Based on the complaint, trial court effected summons to the address of petitioner in
Pasig City which was received by Manotocs caretaker. When petitioner failed to answer, trial
court declared her in default. Petitioner Manotoc, by special appearance of counsel, filed a
Motion to Dismiss on the ground of lack of jurisdiction of the trial court over her person due to an
invalid substituted service of summons. The grounds to support the motion were: (1) the
address of defendant indicated in the Complaint (Alexandra Homes) was not her dwelling,
residence, or regular place of business as provided in Section 8, Rule 14 of the Rules of Court;
(2) the party (de la Cruz), who was found in the unit, was neither a representative, employee,
nor a resident of the place; (3) the procedure prescribed by the Rules on personal and
substituted service of summons was ignored; (4) defendant was a resident of Singapore; and
(5) whatever judgment rendered in this case would be ineffective and futile.
The trial court rejected Manotocs Motion to Dismiss on the strength of its findings that
her residence, for purposes of the Complaint, was based on the documentary evidence of
respondent Trajano. The trial court ruled that the sheriffs substituted service was made in the
regular performance of official duty. Trial court denied the MR of petitioner, hence, Manotoc filed
a petition for certiorari and prohibition.

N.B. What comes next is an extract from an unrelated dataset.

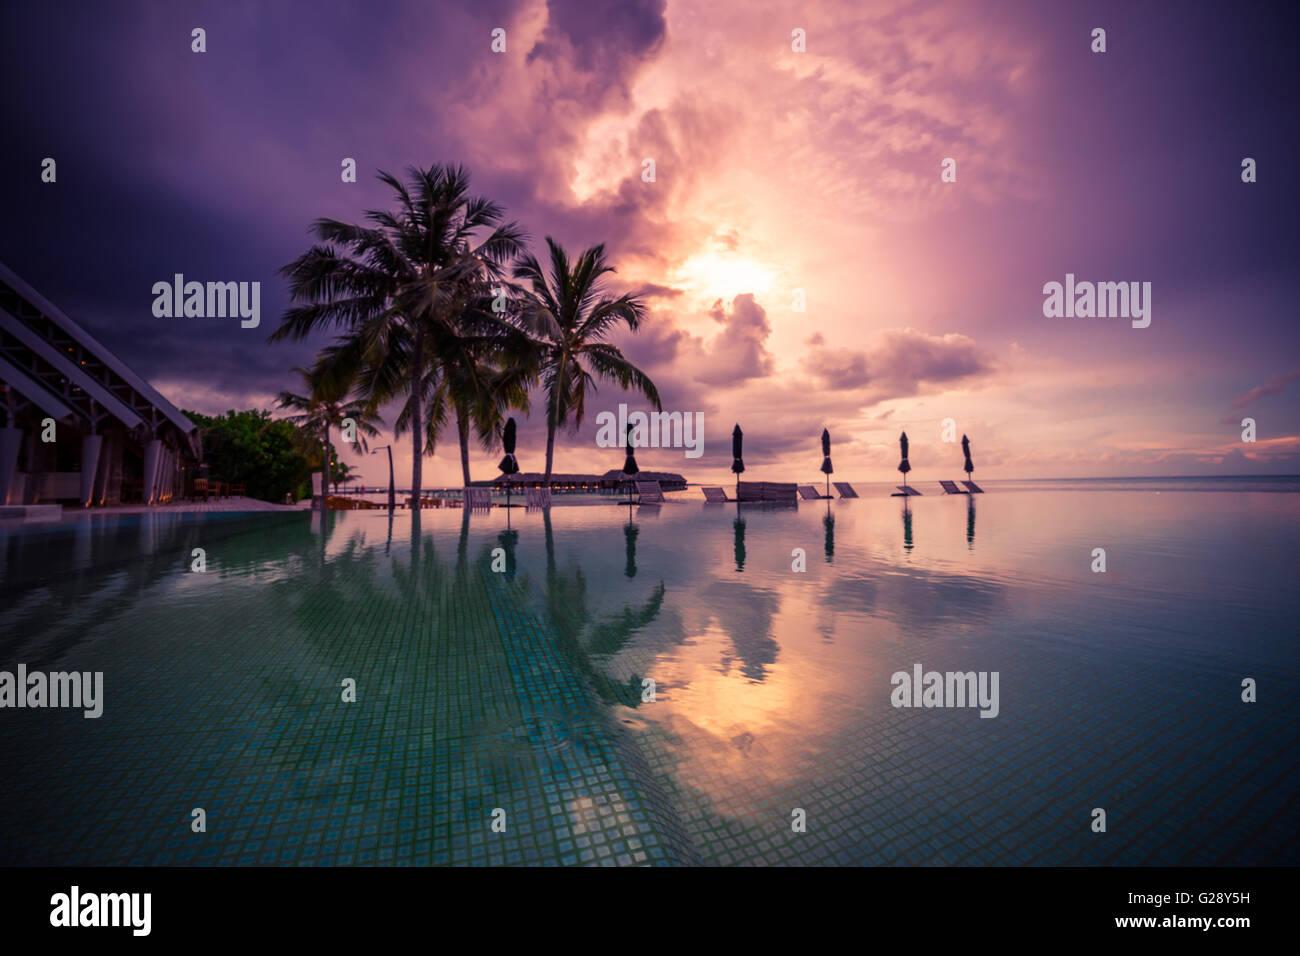 Amazing Sunset beach in Maldive. Concetto di sfondo Foto Stock

CA affirmed the findings of the trial court. CA also rejected petitioners Philippine
passport as proof of her residency in Singapore as it merely showed the dates of her departure
from and arrival in the Philippines without presenting the boilerplates last two (2) inside pages
where petitioners residence was indicated. The CA considered the withholding of those pages
as suppression of evidence. Thus, according to the CA, the trial court had acquired jurisdiction
over petitioner as there was a valid substituted service pursuant to Section 8, Rule 14 of the old
Revised Rules of Court. CA further denied petitioners MR.

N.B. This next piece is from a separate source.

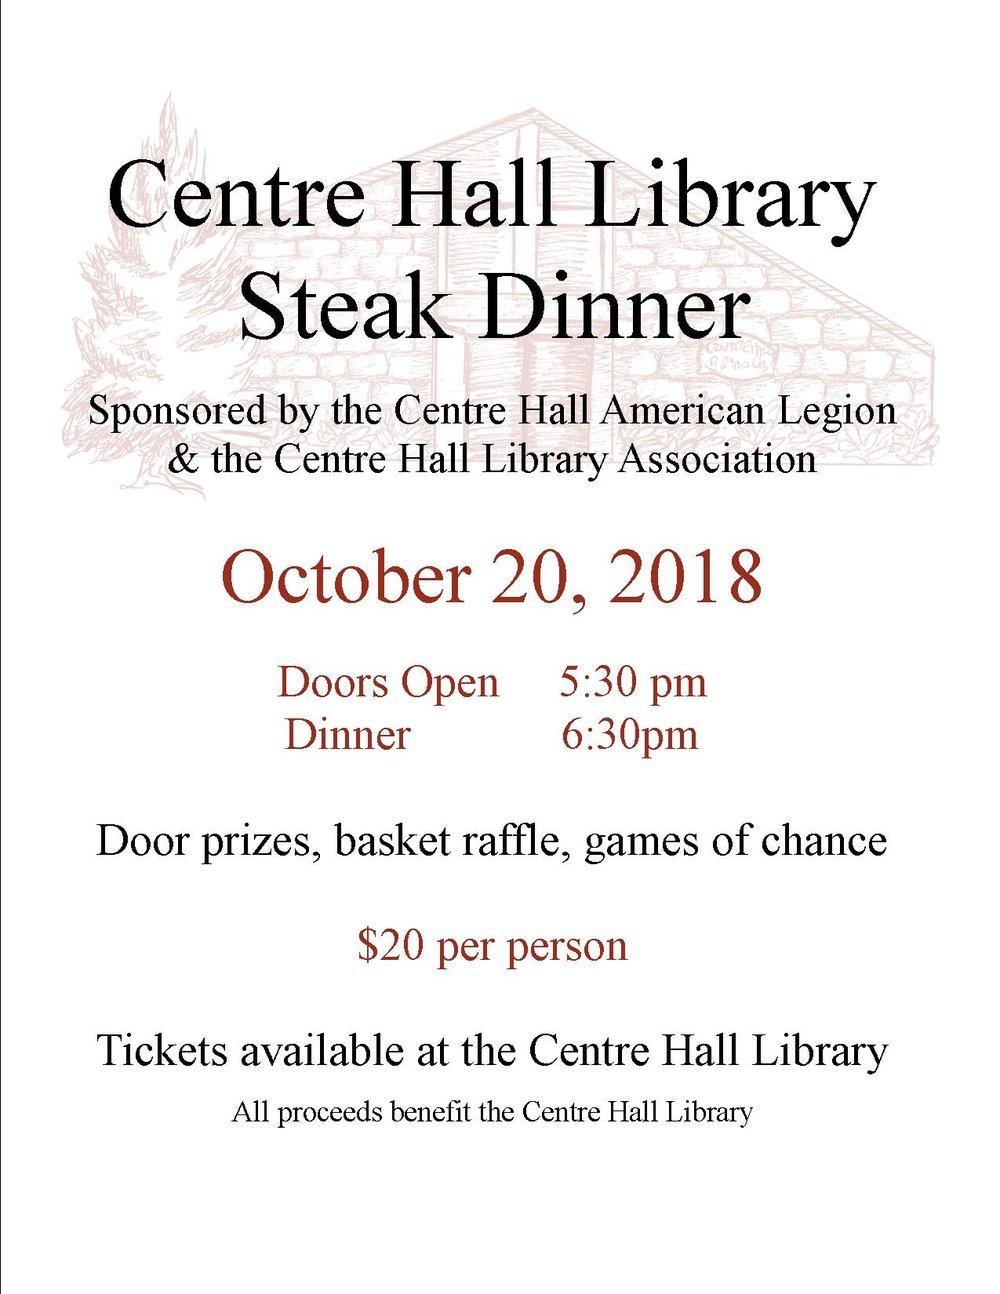 Steak dinner flyer.jpg

ISSUE: Whether there was a valid substituted service of summons on petitioner for the trial
court to acquire jurisdiction.
RULING:
NO. A meticulous scrutiny of the aforementioned Return readily reveals the absence of
material data on the serious efforts to serve the Summons on petitioner Manotoc in person. It
cannot be determined how many times, on what specific dates, and at what hours of the day the
attempts were made. Given the fact that the substituted service of summons may be assailed,
as in the present case, by a Motion to Dismiss, it is imperative that the pertinent facts and

circumstances surrounding the service of summons be described with more particularity in the
Return or Certificate of Service as required under Supreme Court Administrative Circular No. 5
(dated November 9, 1989).

Granting that such a general description be considered adequate, there is still a serious
nonconformity from the requirement that the summons must be left with a person of suitable
age and discretion residing in defendants house or residence. Thus, there are two (2)
requirements under the Rules: (1) recipient must be a person of suitable age and discretion; and
(2) recipient must reside in the house or residence of defendant, the Return of Sheriff Caelas
did not comply with the stringent requirements of Rule 14, Section 8 on substituted service.